老宫是我们班的二哥,故又名宫老二,男生都叫他老宫。我们女生虽觉此称呼很亲切,却没有几个敢这样叫的,因为一旦出口可是事关重大啊,说不定还要追究法律责任呢,万一再牵扯上权利和义务就更麻烦了。
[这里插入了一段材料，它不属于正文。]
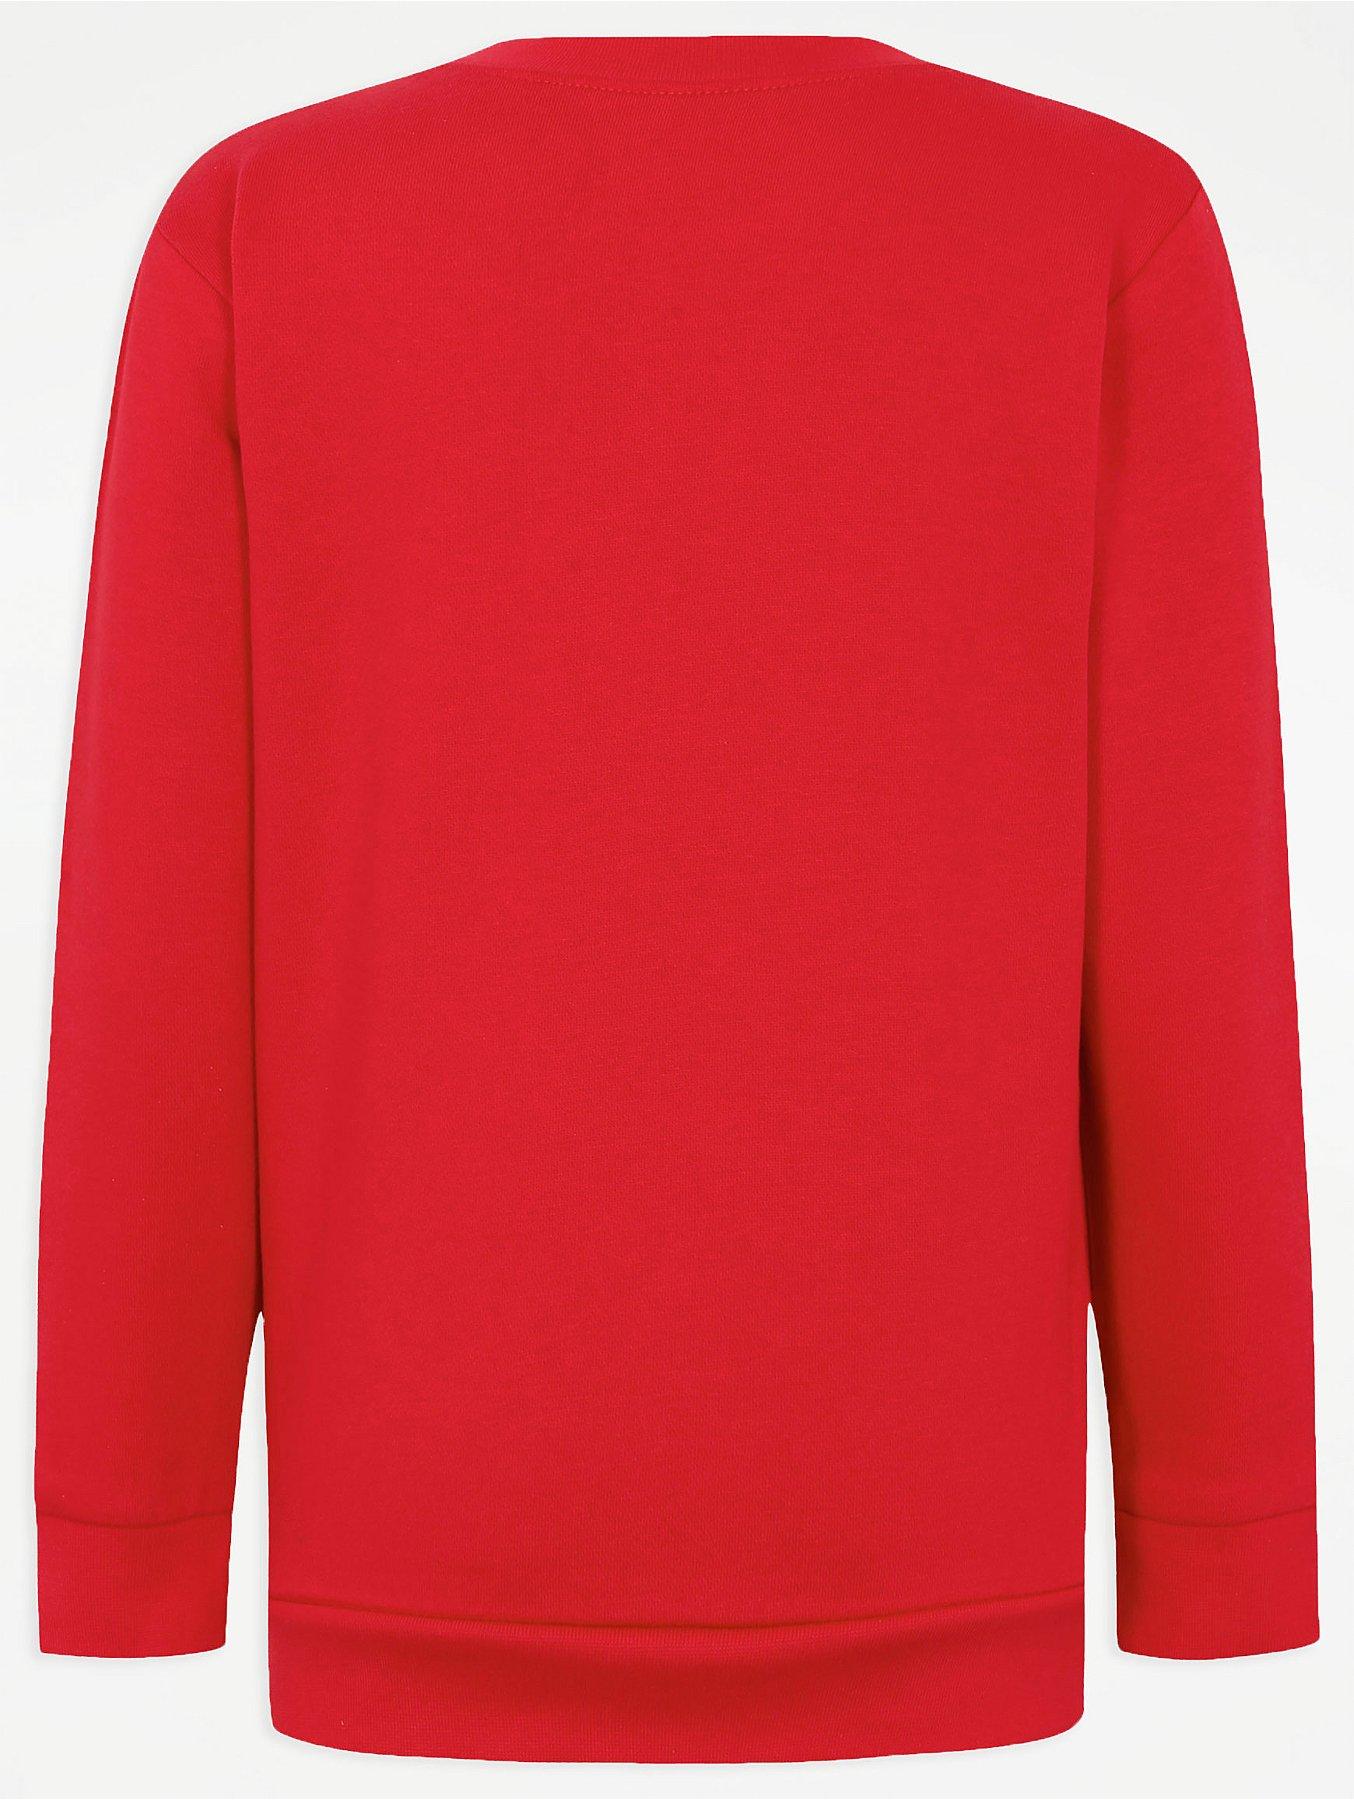 Red School Sweatshirt 2 Pack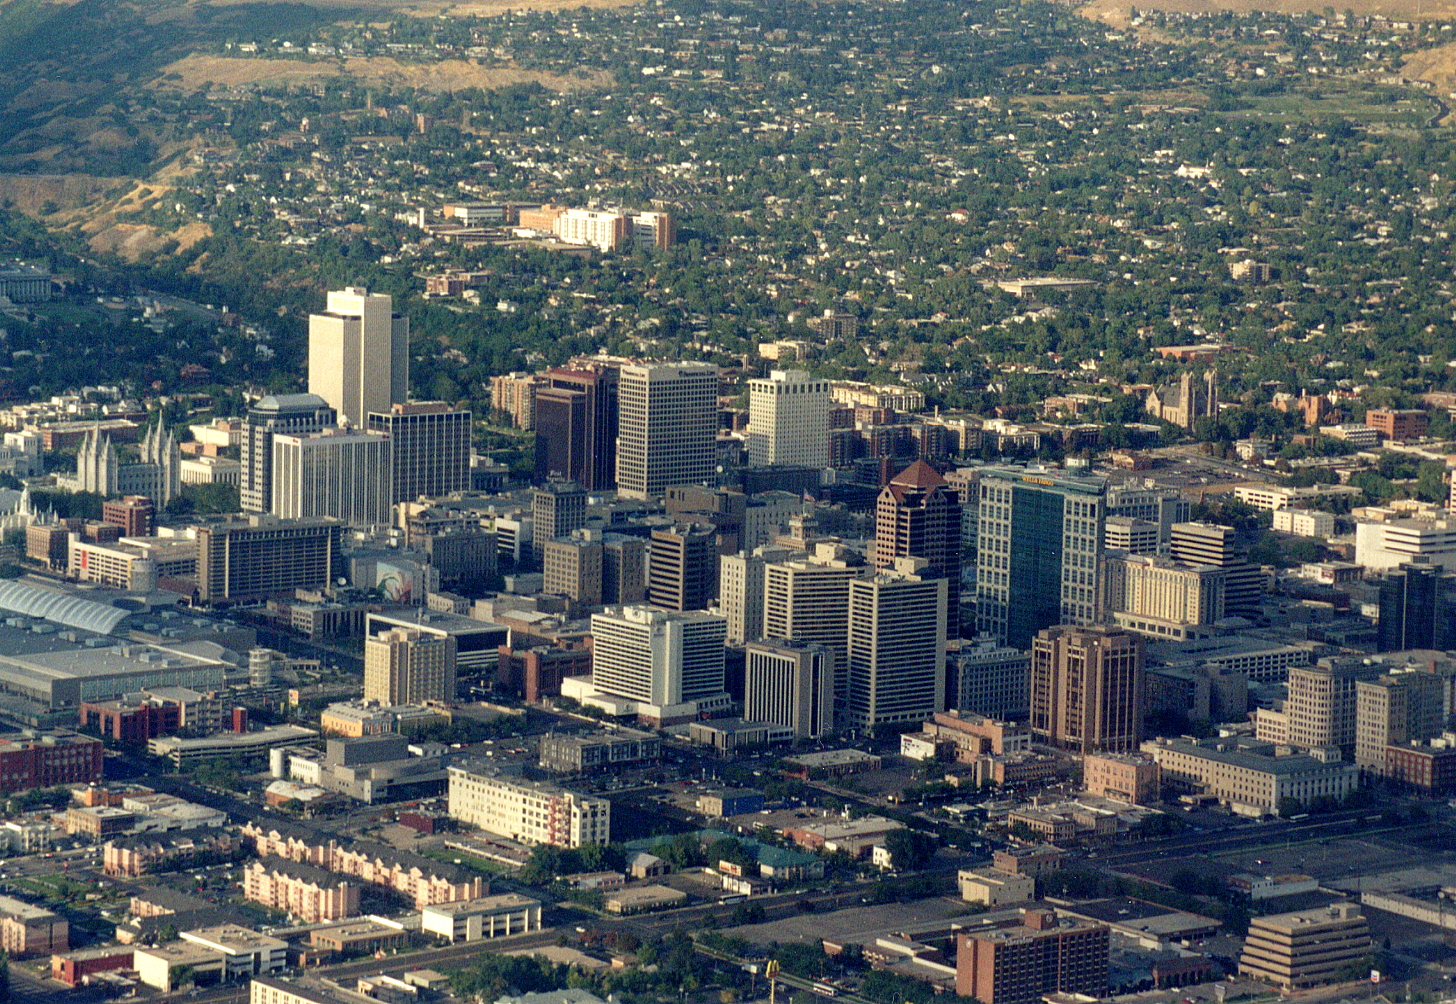 Salt_Lake_City_panorama.jpg

第一次发现老宫有魅力是在大一刚入学不久,记得是九月的时候,系里去草原采风,那是我们和草原第一次真正的亲密接触。第一次目睹茫茫草原千里牧场心里别提多高兴了,大羊小羊,老牛小牛都不放过。很快的太阳就要落山了,我们感到了丝丝的凉意。更要命的是羊肉还没有熟,我们的肚子饿的已经呱呱叫了。班里的同学都三五成群的蜷缩在蒙古包的角落里,互相挤靠着只等羊肉端上来的那一刻。就在这时我们的耳畔传来了低沉的男中音,一首首的哼唱着或新或老的歌曲。转头看去发现是老宫。戴着一副太阳镜,在夕阳的影射下脸部棱角显得格外分明,眉宇轩昂,鼻梁很高,唇行娇好。他的那一瞬就这样完美的定格在我们的心中了。以至于多年后的今天我写下这段文字的时候,感觉仍清晰如昨。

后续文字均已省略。